Building with MPI support¶

The ScaLAPACK backend distributes both the GP kernel assembly and the Cholesky factorization across MPI ranks. Install the environment and build:

pixi install -e scalapack
pixi run -e scalapack meson setup bld \
    -Dlinalg_backend=scalapack \
    -Duse_readcon=true \
    -Duse_capnp=true \
    -Duse_hdf5=false \
    -Dwith_tests=true
pixi run -e scalapack ninja -C bld

For MetatomicPot (PET-MAD), you also need to pass cmake prefix paths for torch, metatensor, and metatomic. These are found via Python:

SP=$(pixi run -e scalapack python3 -c \
    'import site; print(site.getsitepackages()[0])')
cat > torch_native.ini << EOF
[built-in options]
cmake_prefix_path = [
    '$SP/torch/share/cmake',
    '$SP/metatensor/lib/cmake',
    '$SP/metatensor/torch/torch-2.7/lib/cmake',
    '$SP/metatomic/torch/torch-2.7/lib/cmake'
]
cpp_args = [
    '-I$SP/metatensor/include',
    '-I$SP/metatensor/torch/torch-2.7/include',
    '-I$SP/metatomic/torch/torch-2.7/include',
    '-I$SP/vesin/include'
]
EOF
LIBRARY_PATH="$SP/vesin/lib:$LIBRARY_PATH" \
pixi run -e scalapack meson setup bld \
    --native-file torch_native.ini \
    -Dlinalg_backend=scalapack \
    -Duse_readcon=true \
    -Duse_capnp=true
pixi run -e scalapack ninja -C bld

Verify the build:

pixi run -e scalapack meson test -C bld
# Expect 41/41 tests pass (or 43 with scaling tests)

Preparing input files¶

Geometry: `pos.con`¶

The .con format is used by eOn and stores atomic positions, types, cell dimensions, and frozen/moving flags. Example for oxadiazole (9 atoms):

Generated by eOn

20.000000 20.000000 20.000000
90.000000 90.000000 90.000000


4
2 1 2 4
14.000000 15.980000 15.980000 1.008000
N
Coordinates of component   1
12.709927 12.943985 10.896305 0 1
...

The fifth column (0 or 1) marks each atom as moving (0) or frozen (1). gprd reads this via readcon-core and automatically assigns atom types from atomic numbers.

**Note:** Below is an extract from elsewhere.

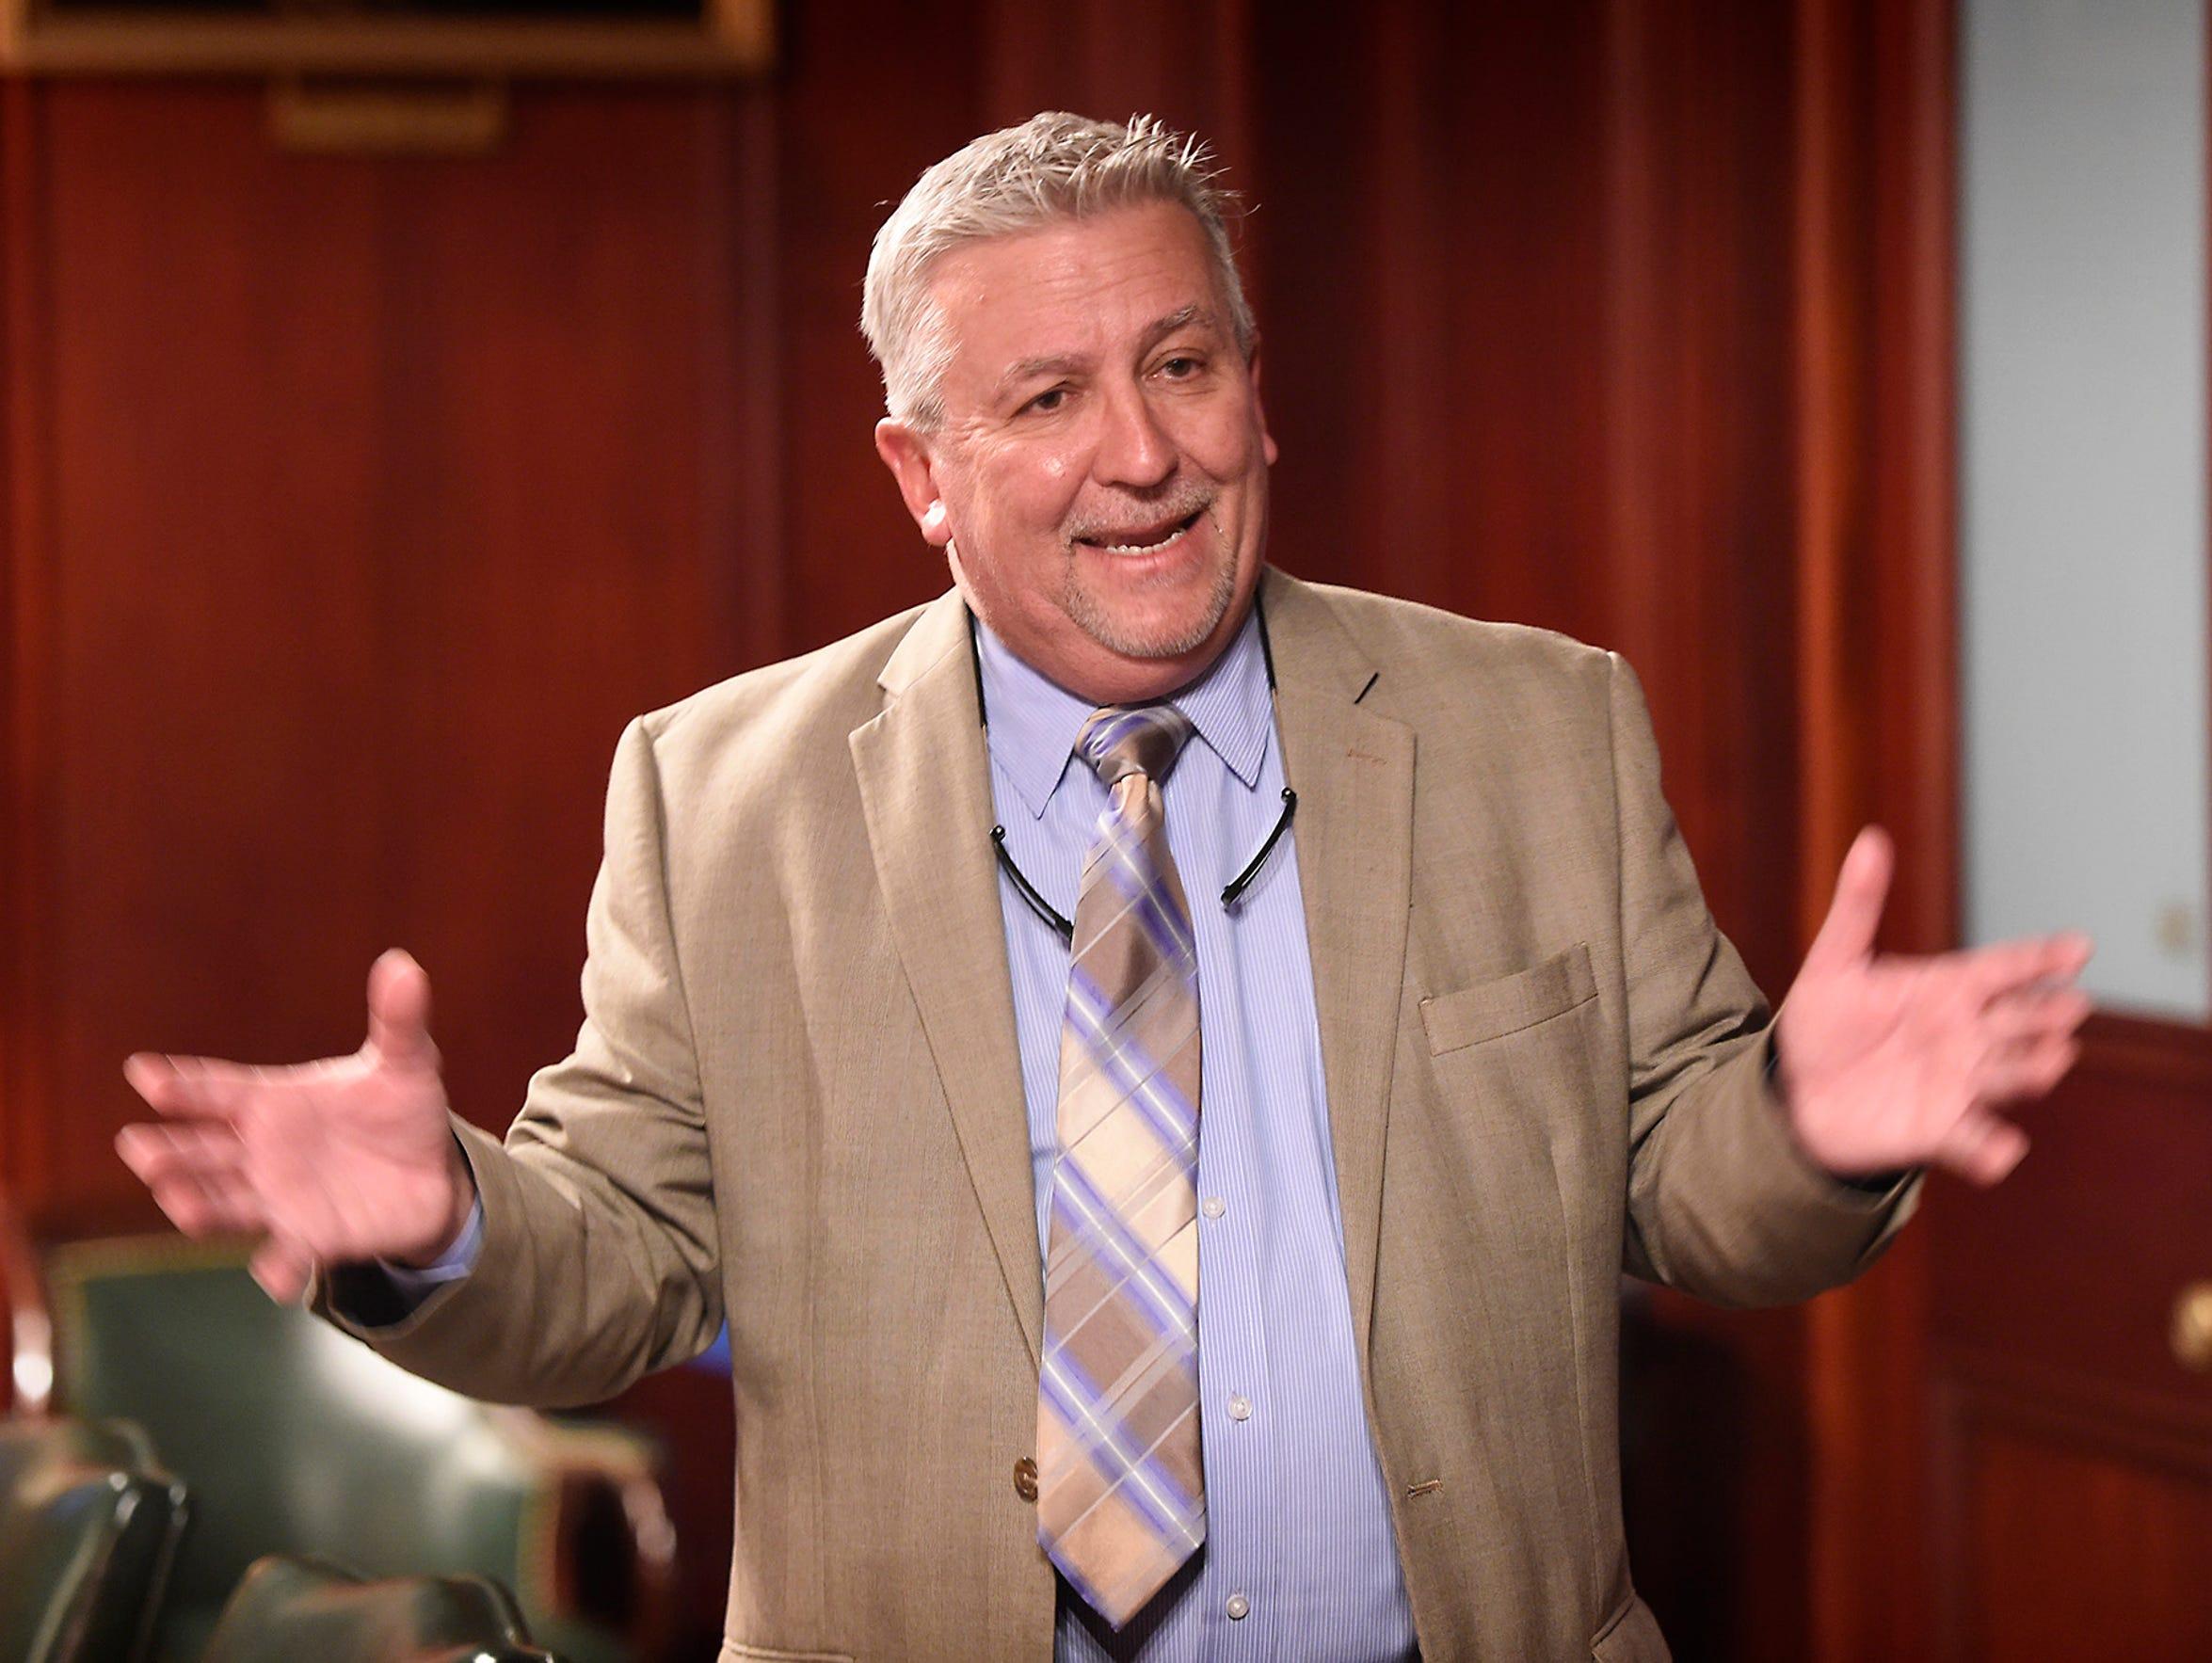 Senator Mike Folmer, R-48, a three-term state senator,
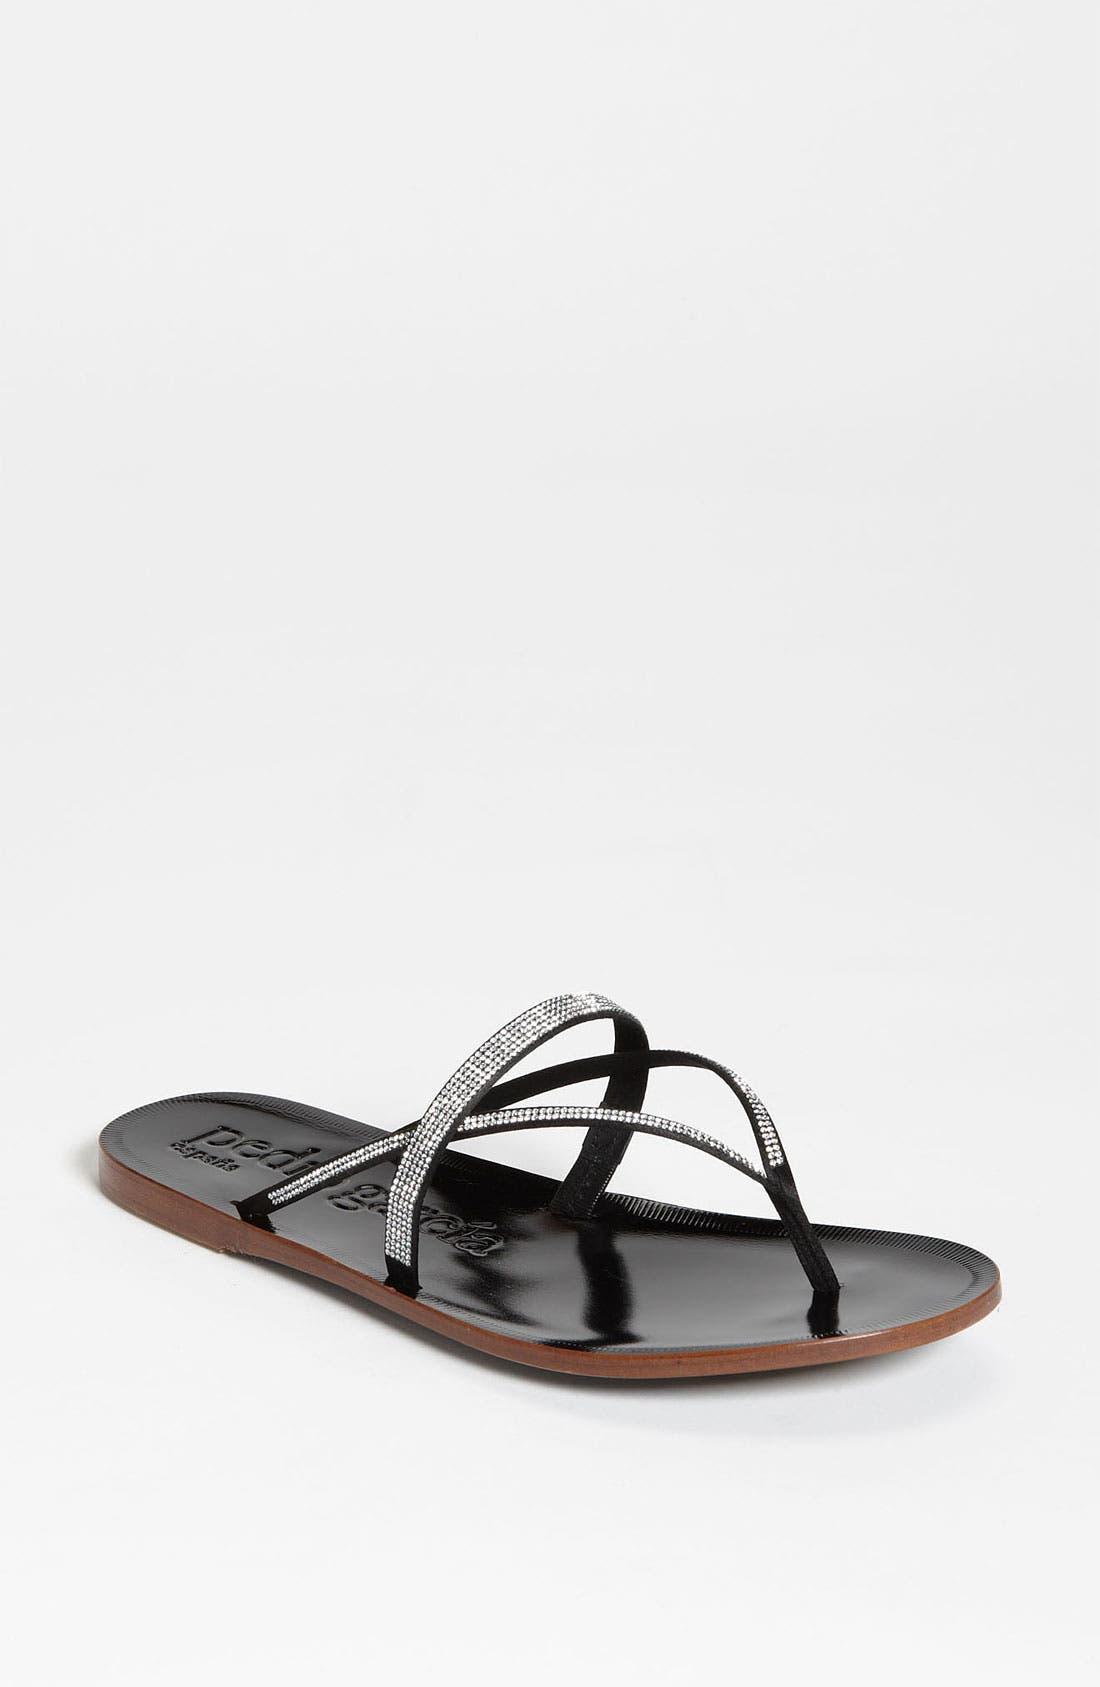 Alternate Image 1 Selected - Pedro Garcia 'Zuriel' Thong Sandal

Configuration: capnp binary¶

GPR dimer parameters are stored as a Cap’n Proto binary. Generate one from a TOML config:

# Convert an eOn config.ini to the TOML format:
python3 schema/eon_ini_to_toml.py config.ini --con pos.con -o config.toml

# Generate the capnp binary:
uv run schema/gen_capnp_params.py config.toml params.bin

Key parameters to tune per system:

Parameter	TOML key	Typical value
Convergence force	`problem.finalConvergenceForce`	0.01
Max outer iterations	`problem.relaxation.maxOuterIterations`	300
SCG max iterations	`optimizer.maxIter`	400
SCG lambda	`optimizer.scg.lambda`	100
GP noise variance	`gpr.gpSigma2`	1e-5
Active radius	`problem.actdistFro`	30.3

Dimer orientation: `direction.dat`¶

One line per atom with dx dy dz displacement components. This sets the initial dimer orientation along a physically meaningful direction (e.g. a reaction coordinate). If omitted, gprd generates a random orientation.

Running the search¶

Single rank (serial)¶

gprd --pos pos.con \
     --orient direction.dat \
     --config params.bin \
     --potential metatomic \
     --model pet-mad-xs-v1.5.0.pt

Multiple ranks (MPI parallel)¶

mpirun -np 4 gprd --pos pos.con \
     --orient direction.dat \
     --config params.bin \
     --potential metatomic \
     --model pet-mad-xs-v1.5.0.pt

Available potentials: xtb (GFN2-xTB), gfn2, gfnff (GFN force field), lj (Lennard-Jones), cuh2 (EAM for Cu+H2), metatomic (any metatrain model).

What gets parallelized¶

The GP pipeline distributes work across MPI ranks at three levels:

Kernel matrix assembly: The covariance matrix K is built tile by tile directly into a 2D block-cyclic distributed buffer. Each rank walks the lower-triangle of observation tile pairs and the BLACS ownership predicate selects exactly one rank per tile; owned tiles are evaluated locally and written into the rank’s block-cyclic slice. No replicated full K is materialized and no MPI_Allreduce fires on the assembled matrix. A legacy round-robin + Allreduce assembly (do_reduce=true) remains for non-ScaLAPACK callers and unit tests.
Cholesky factorization: K = L L^T via ScaLAPACK pdpotrf over the same 2D block-cyclic BLACS process grid that owns the assembled tiles – no scatter step needed. Triangular solves (pdtrsm) and inverse (pdpotri) are also distributed and reuse the cached factor.
Gradient matrices: The dK/d\theta matrices for each hyperparameter follow the same tile-based ownership pattern; the per-hyperparameter trace term is computed locally per rank and a single ordered_sum_bcast reduces all n_hp traces in one collective.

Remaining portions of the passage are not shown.